One of the most significant forces in finance is the power of compounding returns. This is an important lesson in retirement savings for everyone but especially those just starting out in their careers with long runways for their retirement savings to grow. Using time to grow your money, interest grows on the interest. It has a snowball effect that can allow you to reach your goals with less of your own initial investment.
Let me show you a quick example that is a great lesson to share with kids and grandkids to really drive the point home. A young child is walking home from school one day when she finds a piggy bank on the curb. This is no ordinary bank, and when she picks it up, out comes a magic genie. The genie says, “You have released me from my prison, so I will reward you with one of two choices. For the next 30 days, I can put $20,000 under your pillow every night, or you can have this magic penny, place it in your closet and it will double in value every day for the next 30 days.”
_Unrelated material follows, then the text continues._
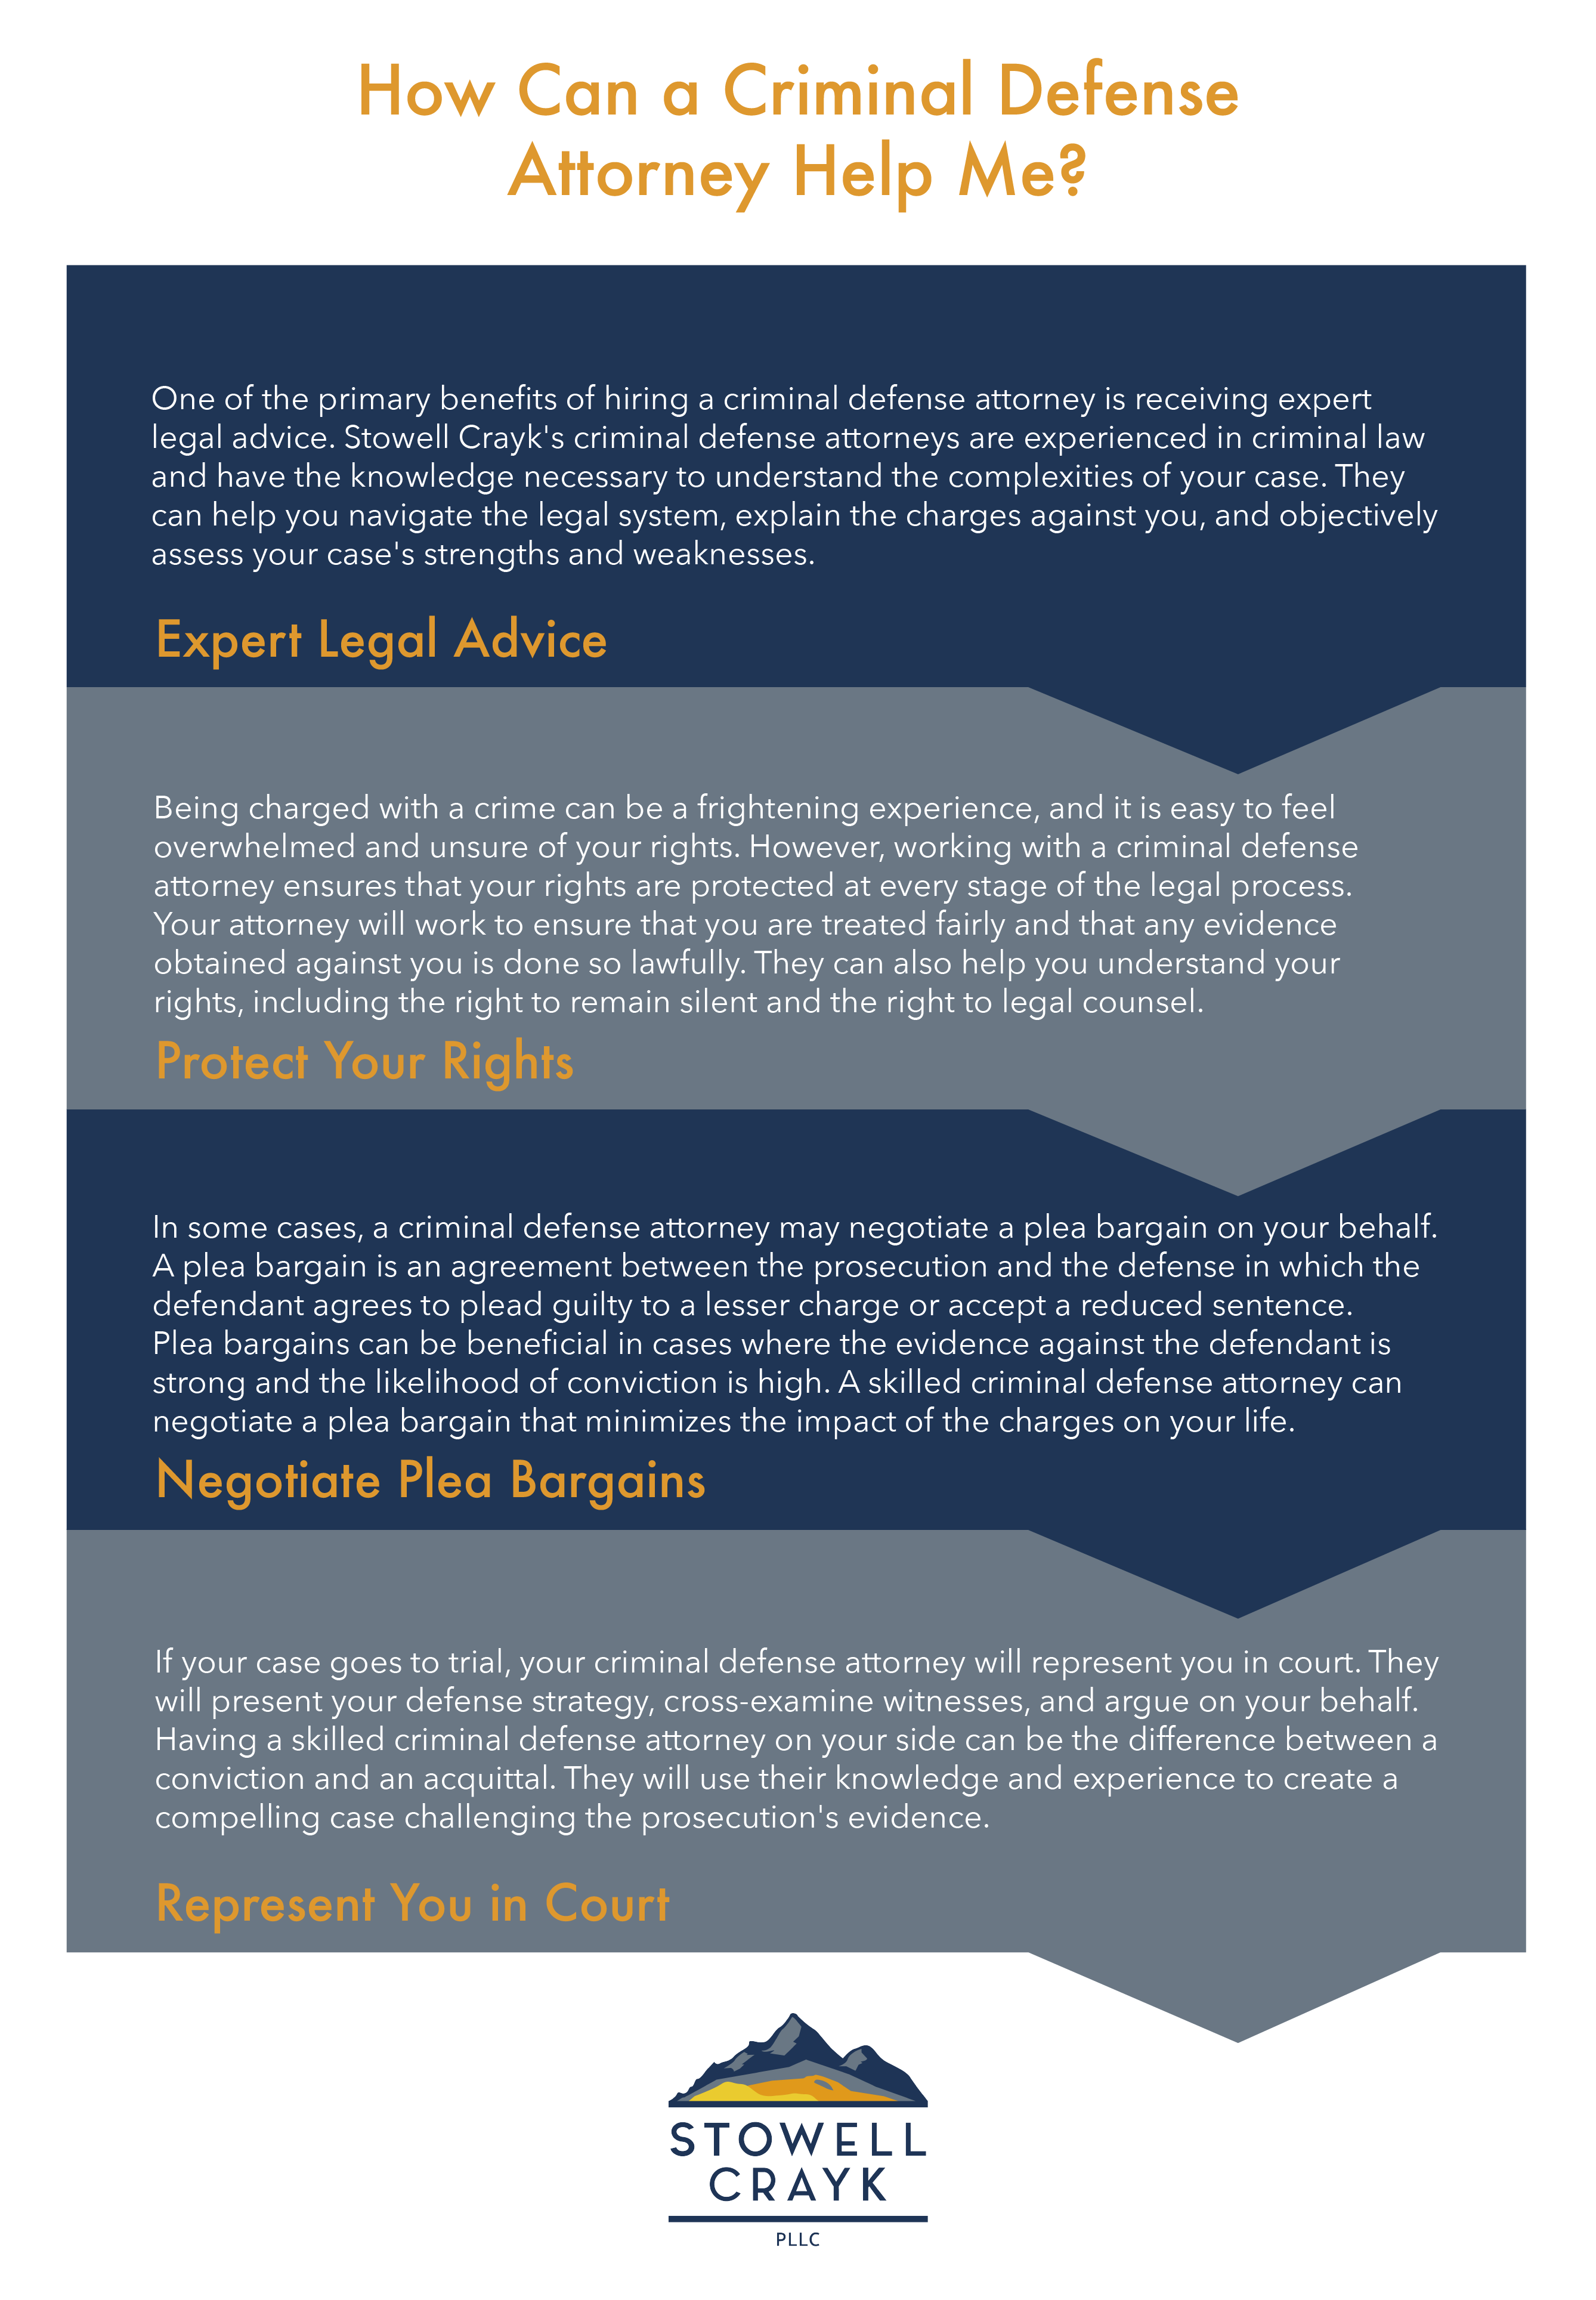 How Can a Criminal Defense Attorney Help Me?

Which should she choose? The cool $600,000 (30 days X $20K) or… if you start with a single penny and double that value every day for 30 days, you end up with $5,368,709. Wow, you can see that compounding of returns is pretty powerful stuff.
Simple Interest vs Compound Interest
Simple interest is the interest you earn off a principal balance with no reinvestment of that interest. You have a $1,000 balance at 4% interest you get $40 dollars. None of that $40 dollars is reinvested and the next year, you get another $40. If you continued this for 10 years, you would have earned $400 interest.
With compounded interest, you are earning interest on your principal balance plus the interest earned is reinvested back into the principal balance, and you earn interest on that as well. Interest can be compounded at different time intervals. The more frequently interest is compounded, the quicker your balance will grow.
Back to our prior example, if you took that same $1,000 with a 4% interest rate compounded annually for 10 years you would have earned $480.24 in interest. Compound that daily you get $491.79. That’s an increase of 23% for using daily compounded interest compared to simple interest.
“Compound interest is the eighth wonder of the world. He who understands it, earns it… he who doesn’t… pays it.”Albert Einstein
It Cuts Both Ways
Compounding interest can be a great friend if you are saving, but if you have credit card debt or student loan debt it can be your worst enemy. This is a very important reason why you need to pay off your credit card every month. If you don’t, you can get into a situation where you are continuing to add to the credit card balance while paying interest on that principal balance and interest on interest. We have seen individuals caught in this credit card spiral; it can be difficult to reverse. A credit card balance of $20,000 that carried an interest rate of 18% compounded monthly would result in a total compound interest of $3,912 over one year’s time. That example assumes that nothing else was charged on the card during the year, which would cause both the interest and balance to increase.
With student loan debt, if you don’t pay the interest charges within the period stated on the loan, the interest is capitalized and added to your loan balance. Then the interest will begin accruing on that larger loan balance causing the debt payments to either be extended or take up more of your monthly budget to pay off.
Compounding returns is a powerful concept in financial planning that can help individuals build wealth and achieve their long-term financial goals. By starting early, being consistent, and reinvesting dividends and interest, individuals can harness the power of compounding returns to achieve financial goals over time.